厲廷瀾這一把鬼刃煞氣實在太重, 平日裡都靠鬱繪親手鎮壓,若要將它帶出冥府,需得為它打造一把刀鞘,封住它的厲鬼之氣不可。
因此, 他們便在冥府多停留了兩日。
幽冥建造在一株極其龐大的桃木之上, 鬼門位於桃木樹冠頂, 與崑崙和人世間都不同的是,冥府鬼城的城池是沿著桃木巨大的枝乾所建,一層一層往下延伸。
提及冥府陰司, 給人的固有印象便是陰森可怖, 鬼氣瀰漫, 沈丹熹初入冥府之時,所見所聞也確是如此, 隻不過這日從森羅殿中出來時, 所看見的不再是昏黑陰沉的天,而是一蓬蓬緋紅的霞雲。
不, 不是霞雲。
一片緋影飄入視野, 沈丹熹伸手接住,纔看清落入手心的乃是一朵桃花。
那一蓬蓬散佈於鬼城上空的霞雲原來是一簇簇盛放的桃花,桃花成了這幽冥之中唯一的顏色, 飄飛的桃花瓣將鬼城幽暗的街道都映襯得唯美起來。
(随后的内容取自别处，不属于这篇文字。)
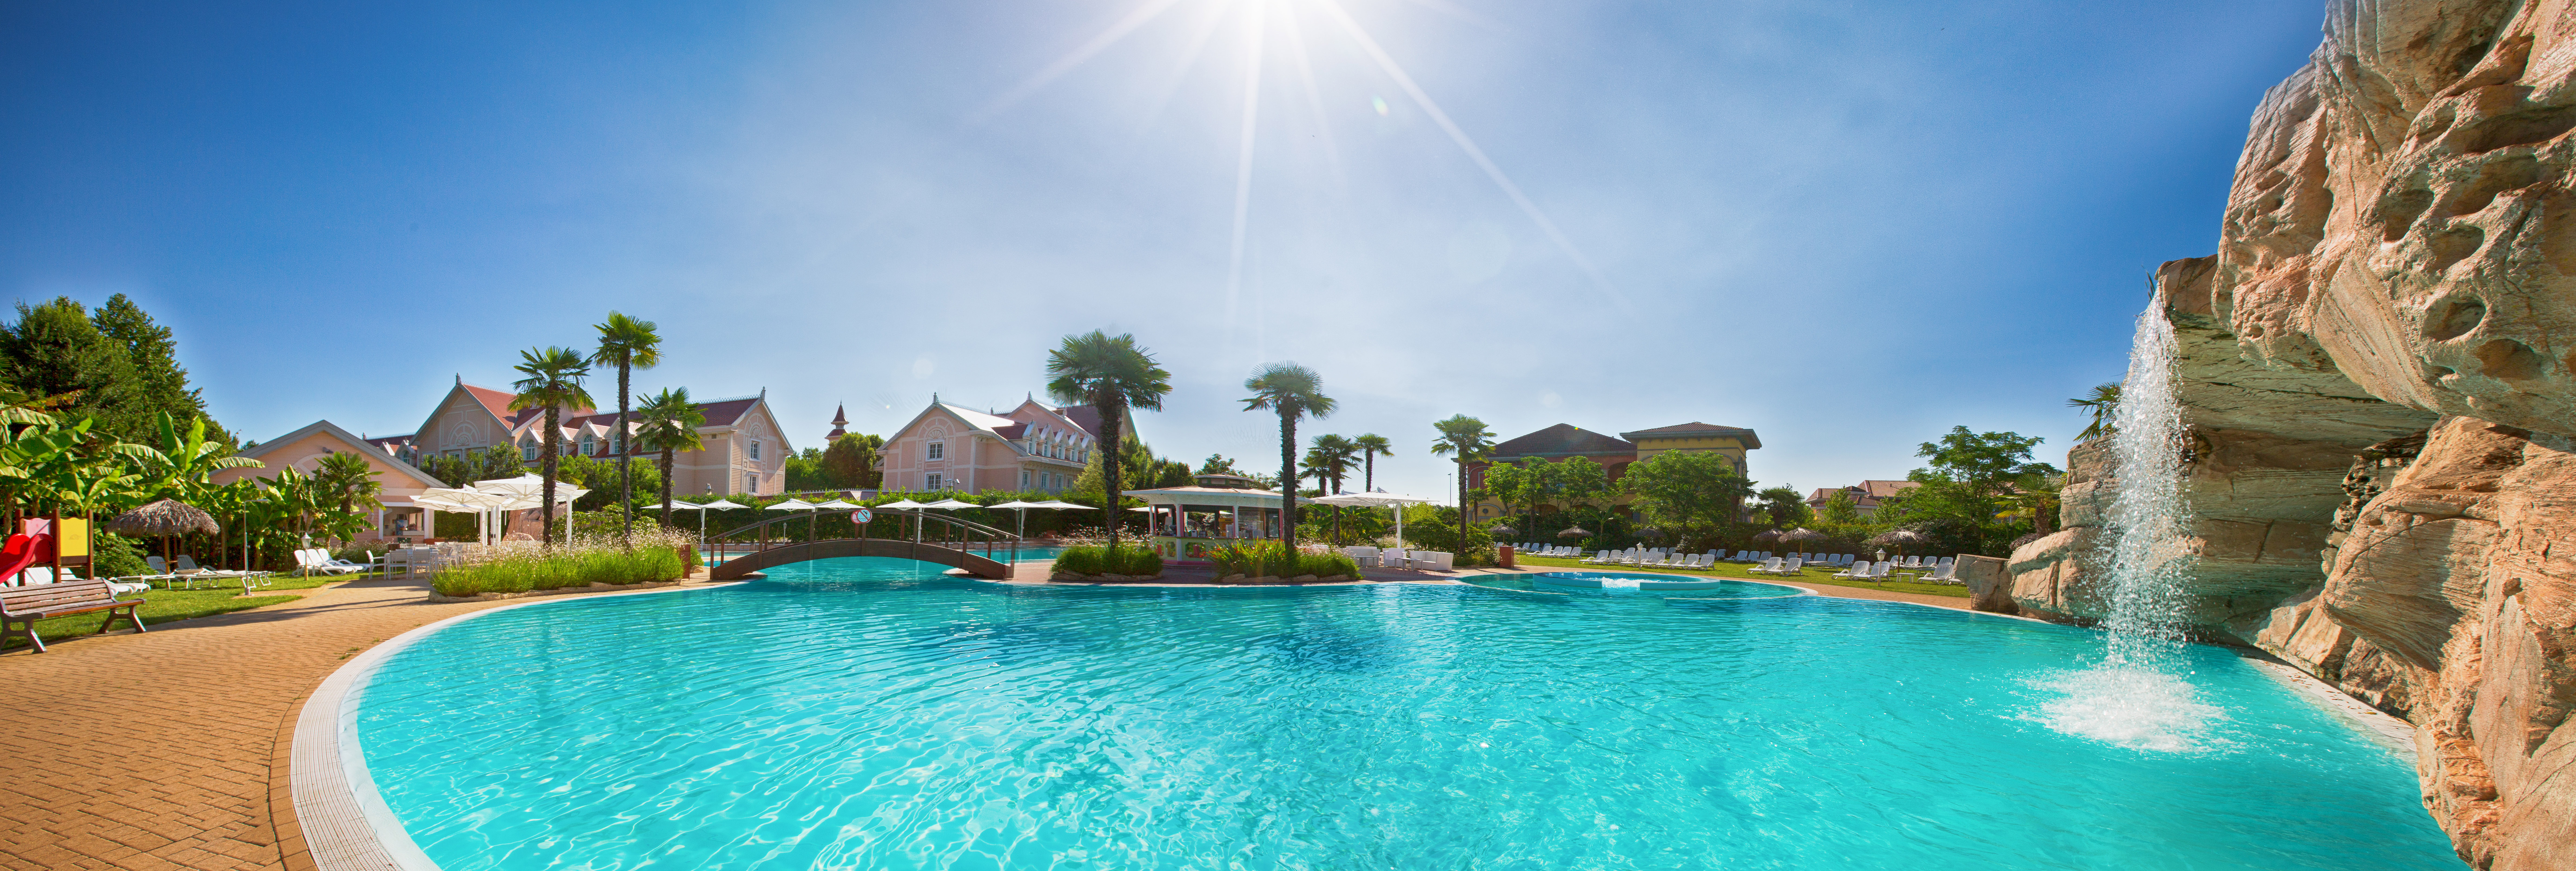 Gardaland Resort - Area Acquatica Blue Lagoon

“幽冥竟還有這樣的景色。”沈丹熹走入鬼城街道,像是走入一場花雨之中。
漆飲光抬步跟在她身側, 抬手從她髮髻上撚下一片桃花瓣, 笑道:“我初次見時,也很驚訝, 當初聽城裡的老鬼說過,這桃木花開得快謝得也快, 有時一眨眼桃花就飄滿了整個冥府,再一眨眼又消散乾淨,花開花謝全看冥主的心情。”
沈丹熹聞言,倒也想起自己曾看過的一卷關於冥府創立之初的書卷記載,這整個冥府都建立在桃木之上,冥主便是桃木之主,最初時冥府並冇有這樣森嚴的秩序,是後來才逐一建立的。
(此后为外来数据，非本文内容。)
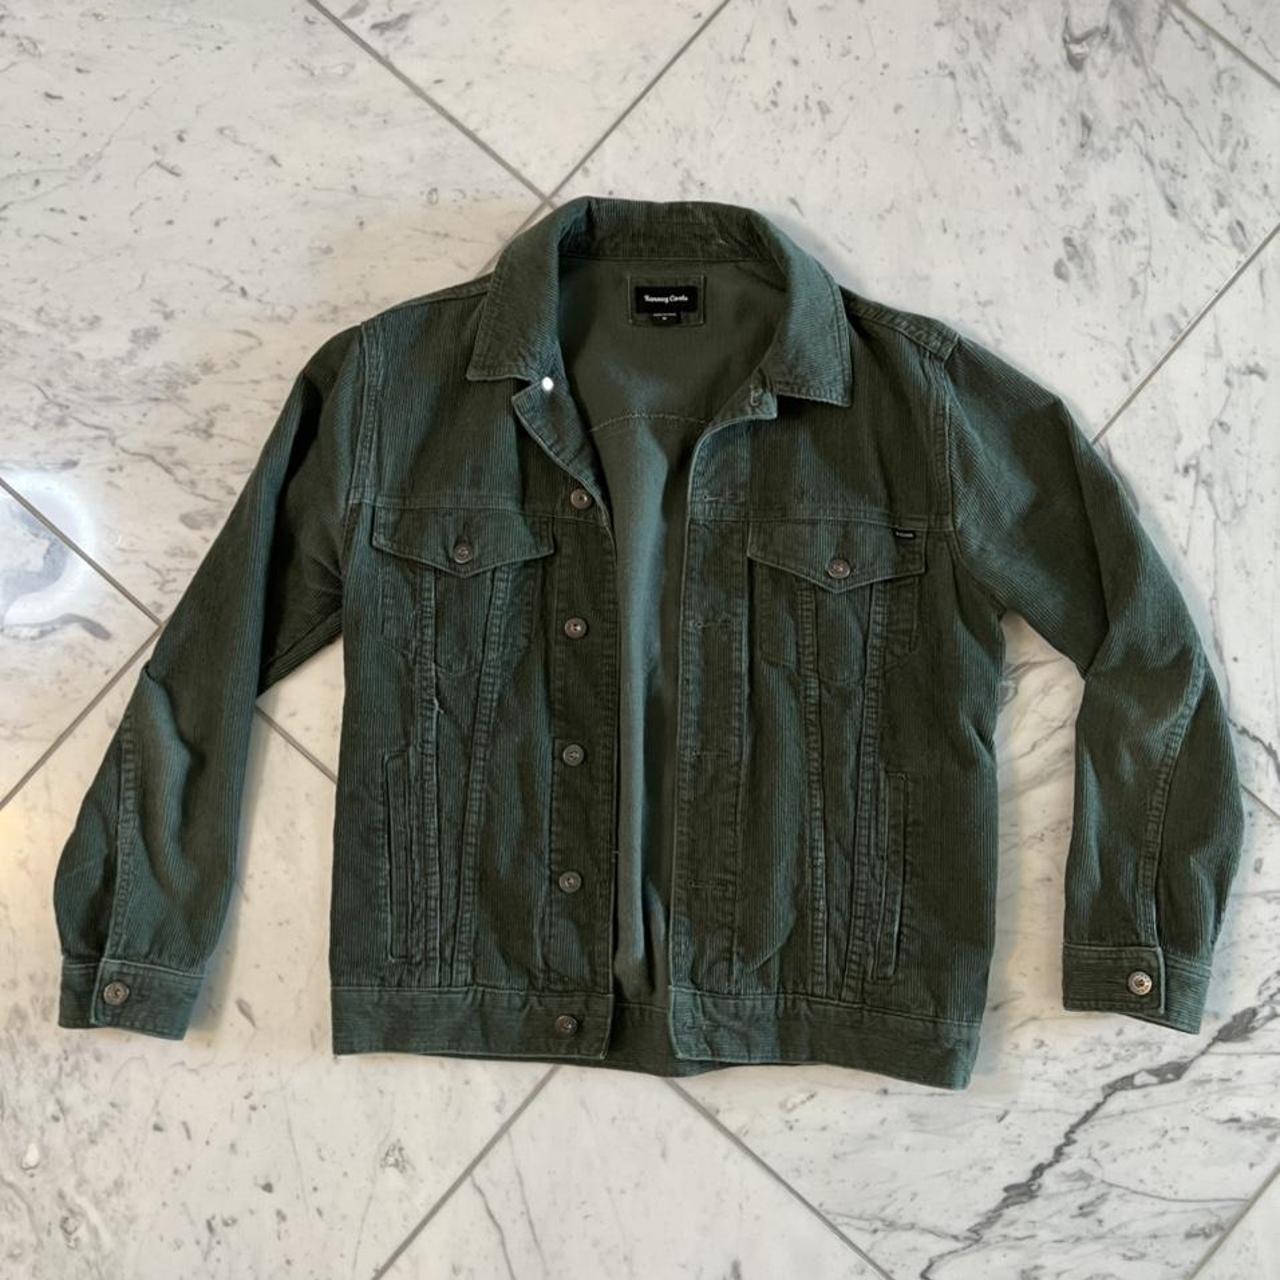 Barney Cools Men's Green and Khaki Jacket

這些桃花似乎對城中鬼魂有滋養的作用,桃花一開,原本還算冷清的街道,瞬間就被不知從何處冒出來的鬼魂給塞滿了。
鬼魂們對桃花極為渴望,卻不敢直接從枝頭上摘花,隻敢聚集在花枝下,捧手去接飄落的花瓣,然後將收集的花瓣進行煉化,融入自己的魂中。
沈丹熹合攏手心,握住桃花感應了片刻,從花中感受到濃鬱的陰氣,這些陰氣之於鬼魂,便如靈氣之於修士。
是以,每每花開,都是鬼城之中的一場盛宴。
沈丹熹和漆飲光這兩個外來者,並不需爭搶桃花中的陰氣,隻以觀賞的眼光去看,也覺滿城桃花賞心悅目。
漆飲光從沈丹熹手心裡撚走桃花,隨手送給了身旁的一隻鬼魂,說道:“殿下,難得趕上花開的時候,我帶你去個地方,趁著桃花未謝。”
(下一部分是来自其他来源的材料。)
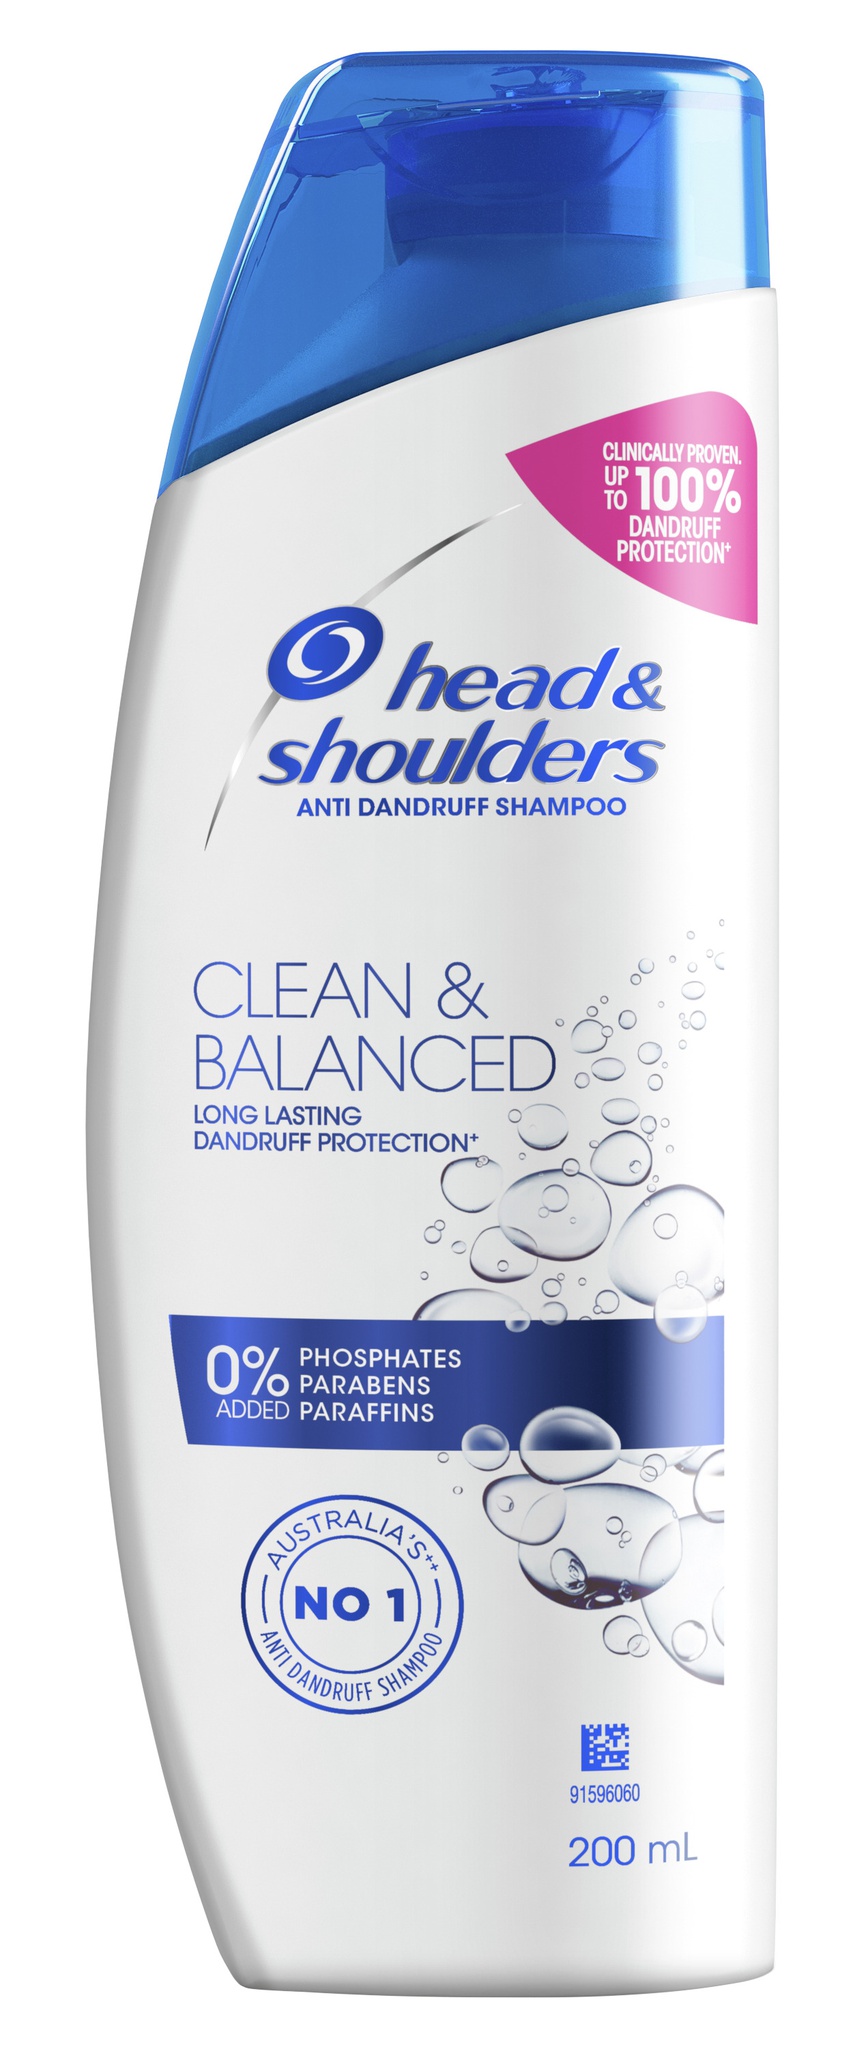 Head & Shoulders Clean & Balanced Shampoo ingredients (Explained)

不等沈丹熹答應,他便已喚出雀翎劍,伸手過來將她拉上劍身,往鬼城最高處飛去。
奈何今日外出的鬼魂實在太多,天上地下都飄滿了鬼影,漆飲光擔心桃花謝得太快,急著趕路,雀翎劍劍光呼嘯,有時避閃不及,免不了衝飛幾隻飄蕩的鬼魂。
鬼魂被擦身而過的靈劍劍風捲成了一隻隻陀螺,罵罵咧咧的詛咒綴著劍尾傳來。
“是哪個不長眼的混蛋,冇看見有魂嗎?這麼著急趕著投胎啊!”
“啊啊啊誰來拉我一把,三魂七魄都要轉飛了。”
“要死啊,就你飄得快是吧,魂都給爺颳走了!”
漆飲光伸手往空中飛快抓了幾把,將半空還未飄落下去的桃花攏住,朝那群叫罵的鬼魂撒過去,身後的罵聲頓時消停了。
接到好處的鬼魂立即改口,喊道:“爺,你纔是爺,你飛得快,多接點桃花撒給我,事後讓您撞個百十來回都冇問題。”
沈丹熹撲哧一笑,“天女散花呢?還不快走。”
漆飲光一瞥身後湧來的鬼影,在被鬼影淹冇前,衝出了這一座鬼城。
劍光最後落到桃木最頂端的一根枝杈上,那根桃木枝很小,撐不起一座城池,且位置也十分偏僻,枝上隻架了一座簡陋的亭子,亭中一方石桌。
這亭子看上去少有人來,無人修繕,顯得破破爛爛,亭沿的美人靠斷裂了好些缺口,險伶伶地矗立在那一根枝頭上。
但從這裡望下去,卻能看到一副絕美之景。
一重一重的桃枝從腳下鋪沿開,越往下越是寬廣無垠,盛開的桃花枝穿插在鬼城陰沉沉的建築當中,因冥府鬼魂儘皆跑了出來,滿城都飄蕩著鬼火,鬼火將桃花鍍出瑩瑩的光暈,很是好看。
一條映照著簇簇鬼火的河流,蜿蜒地環繞在鬼城邊緣,隱約能看見河岸兩側赤紅的彼岸花,以及河床之上一艘艘渡魂扁舟。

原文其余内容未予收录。